Olivia Rodrigo, theater kid
Or: Why Olivia Rodrigo was voted most likely pop star to write a musical in her 40s.
Our weekly Friday newsletters, which deal with the latest in pop culture, are available only to paid subscribers, but this one is open to all, as the very end of our free preview week. If you like what you've seen this week, our Pride sale runs through the end of June. Take 20 percent off the normal cost of an annual subscription by clicking the button below!
If you've spent any time at all consuming Olivia Rodrigo content on YouTube — couldn't be me — then the algorithm has eventually served you this video of an 8-year-old Rodrigo singing "Don't Rain on My Parade" at a Temecula, California, talent show. The video displays that tiny Rodrigo had a wonderful singing voice and surprisingly adroit breath control for a child. It also shows off her full ham. She's doing a Barbra Streisand impression, right down to a slightly overstated Noo Yawk accent. It's adorable in the way precociously talented children are.
For those who paid a lot of attention to Disney+ programming in the late 2010s — or were TV critics made to watch all of it to issue reviews — Rodrigo then popped onto the radar as one of the stars of High School Musical the Musical the Series, the Glee-ish series about a high school putting on the titular musical adaptation of the TV movie. (It makes sense in-universe, I swear.) As you would expect from that premise, much of the music Rodrigo performed within the series was heavily influenced by Broadway.

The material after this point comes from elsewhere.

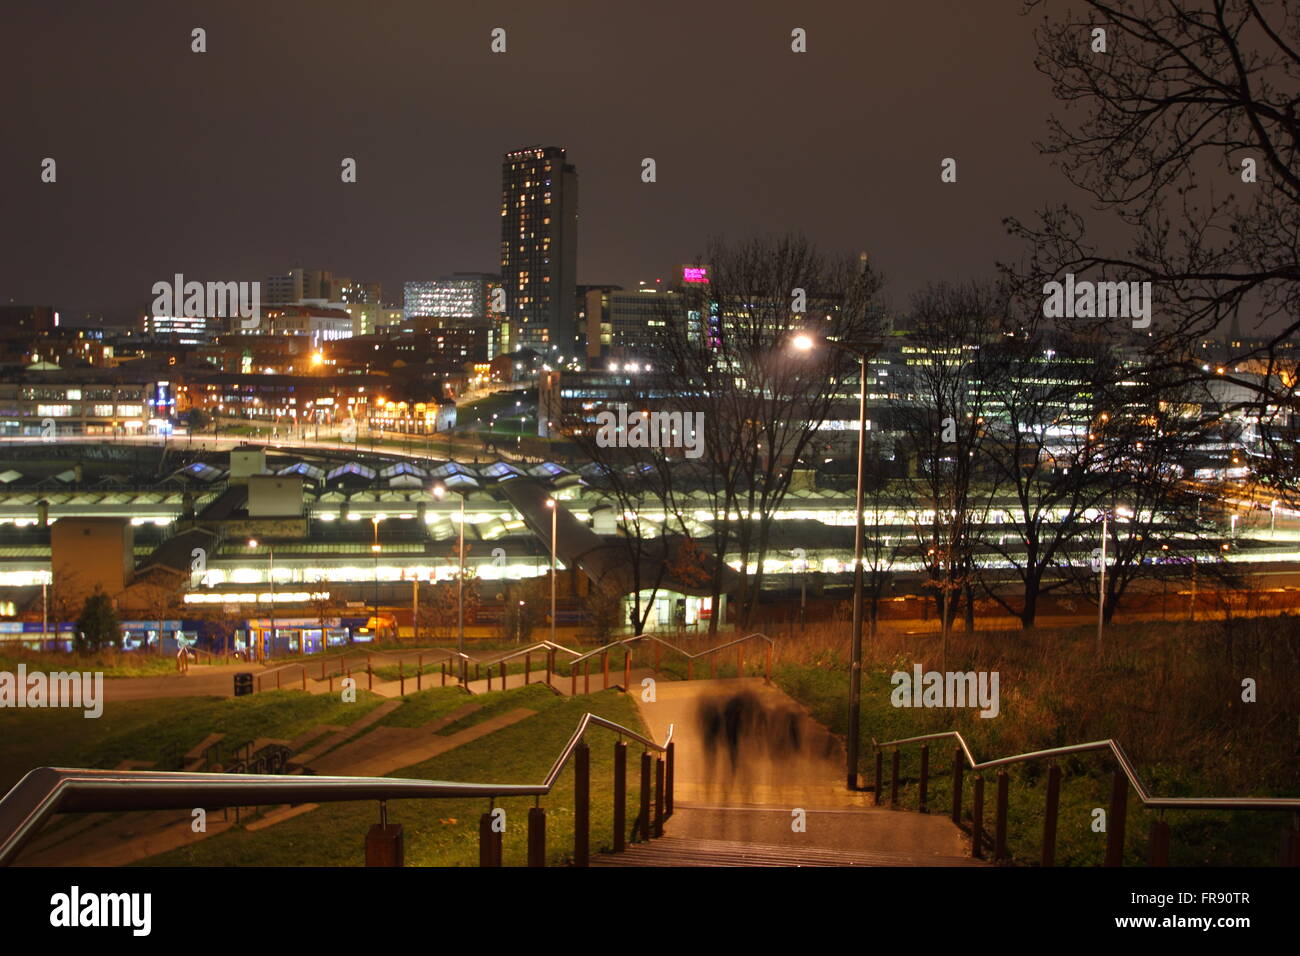 Die Skyline von Sheffield Stadtzentrum gesehen von Schritten durch South Street Park erhebt sich über der Stadt Hauptbahnhof UK Stockfoto

Rodrigo, of course, has since become a major pop star, and her third and most recent album, you seem pretty sad for a girl so in love, has garnered the best reviews of her very young career, the kind of reviews that suggest she will be with us for decades to come. For the most part, those reviews focus on her alt-rock influences, especially The Cure, a band she has frequently cited as one of her all-time favorites and whose frontman Robert Smith duets with her on a track. That Smith has so obviously given Rodrigo his stamp of alt-rock approval has given her a deep amount of cool girl cred. It's easy to see why Smith is so into her work. She's already a smart and thoughtful songwriter, and she has mastered the form of the punchy pop-rock song. More, she pulls in new influences with every album, making clear that she's the kind of musical polyglot who has a deep knowledge of pop music past and present, as evidenced by how absolutely she crushes this episode of BBC's Speed Test.

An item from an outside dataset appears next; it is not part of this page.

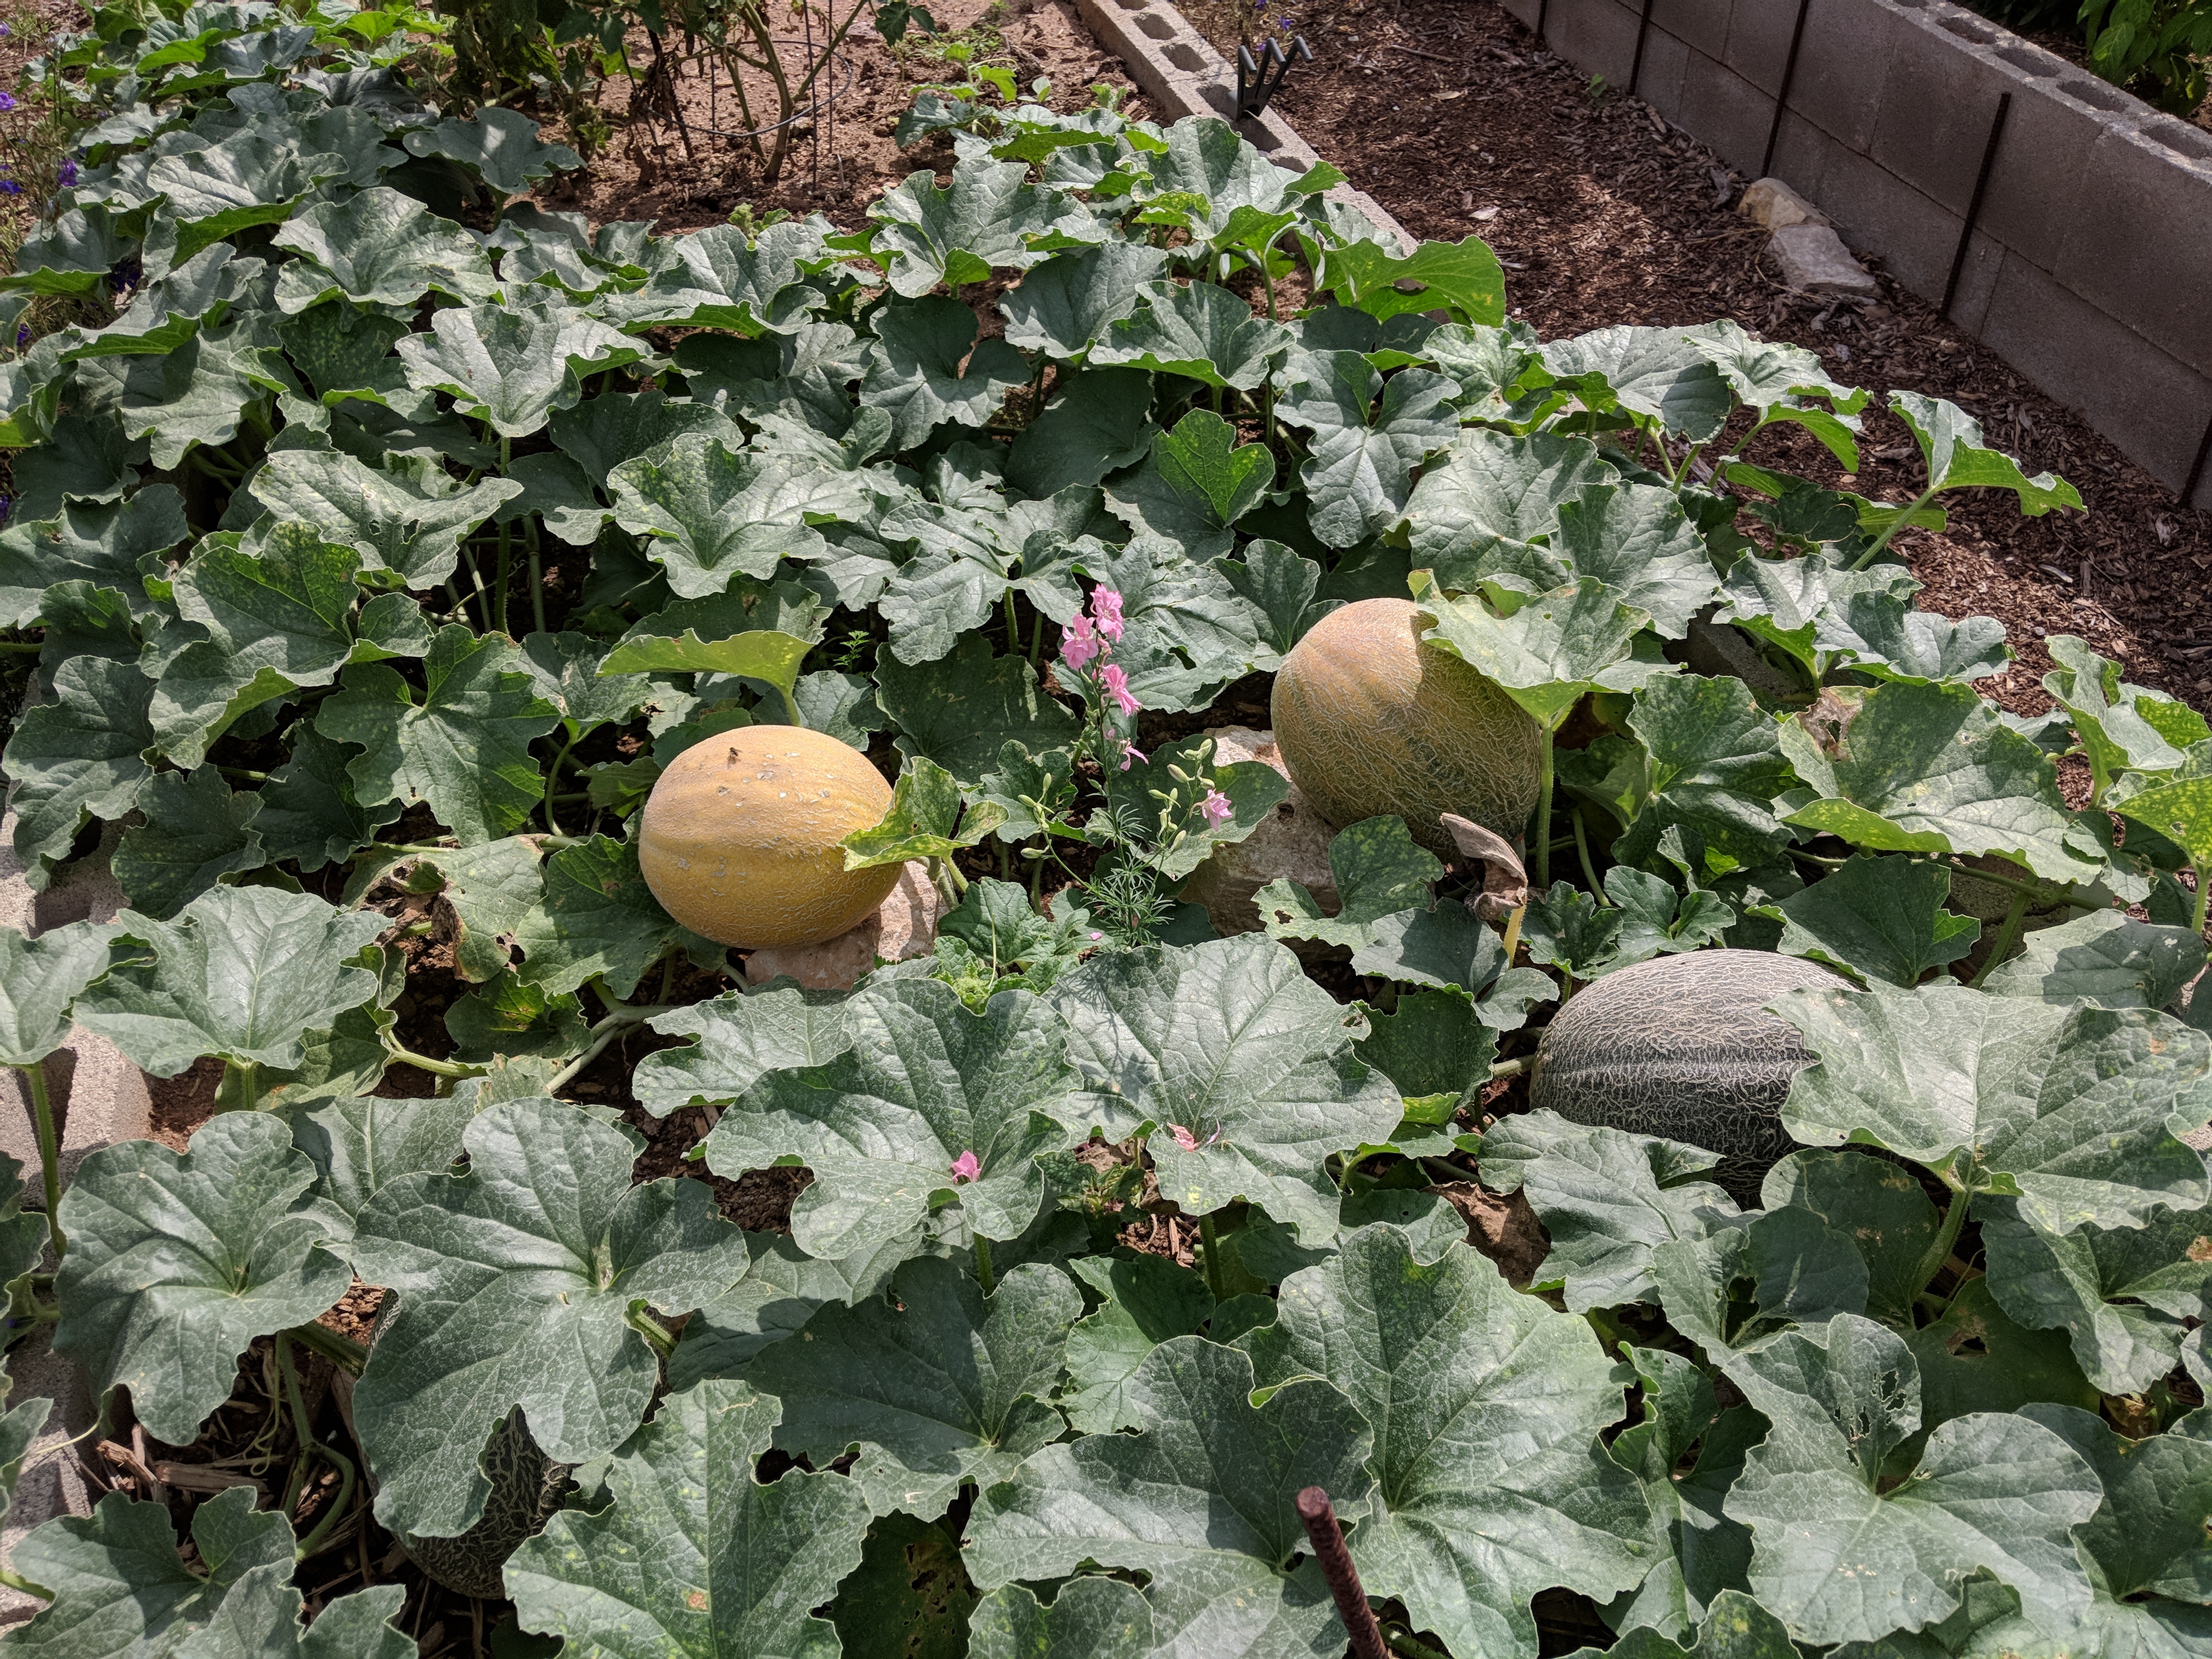 Cantaloupe in the Garden

Rodrigo has also drawn frequent comparisons to Taylor Swift, largely for a number of overly obvious reasons: Rodrigo was a teenage Swiftie, and both artists write highly confessional songs about their love lives. A less obvious comparison point between the two, however, is their love for writing story songs, which is to say songs that have something of a three-act structure and follow a narrator through a situation that resolves over the course of the song. One could even argue that you seem pretty sad goes beyond the mere concept album to become something of an album-length story song.

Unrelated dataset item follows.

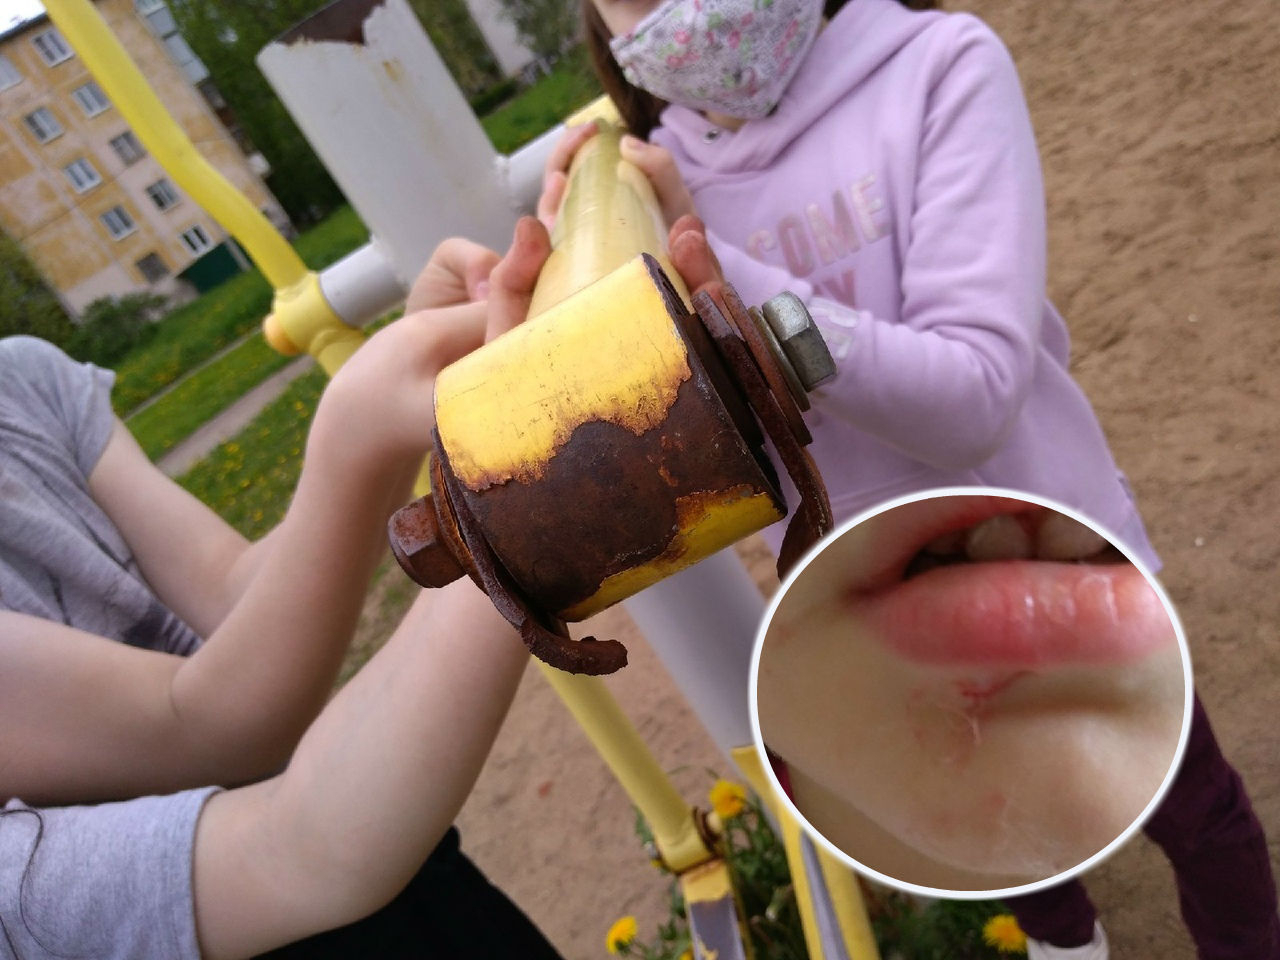 "Подбородок проткнуло насквозь": малышка травмировалась на детской площадке в Ярославле

In Swift's case, the love of story songs makes sense. Even her poppiest songs are often built atop the architecture of country music, a tradition where story songs reign supreme. But while the alt-rock, bubblegum pop, and punk music that most influence Rodrigo certainly have their fair share of story songs, far more common are songs that attempt to capture a specific mood or vibe or brief character sketches. Something like The Cure's own "Friday I'm in Love" is a good example. It's not really telling a story so much as it's capturing an endless, earnest yearning. That attempt to nail down a feeling also goes for Nirvana or Smashing Pumpkins or the many '80s New Wave artists Rodrigo nods to on her new album.
So why do Rodrigo's story songs feel so unique within her assorted milieus? Because she's still a theater kid at heart, and she's writing show tunes.
Let's imagine a Broadway musical
Let's try a thing. Listen to Rodrigo's "the cure," the second single from you seem pretty sad, and try to listen past the art rock influences in the instrumentation and just pay attention to how the song is put together. It's less of a story song than, say, "drop dead" (the leadoff single), but in its progression from "girl hopes boy will save her" to "girl is annoyed boy won't save her" to "girl realizes she can only save herself," it does have a story structure. It is easy to imagine her singing it directly to said boy, as the world around her slowly opens up and becomes slightly more of a surreal representation of her emotional state. Indeed, that's basically what happens in the music video.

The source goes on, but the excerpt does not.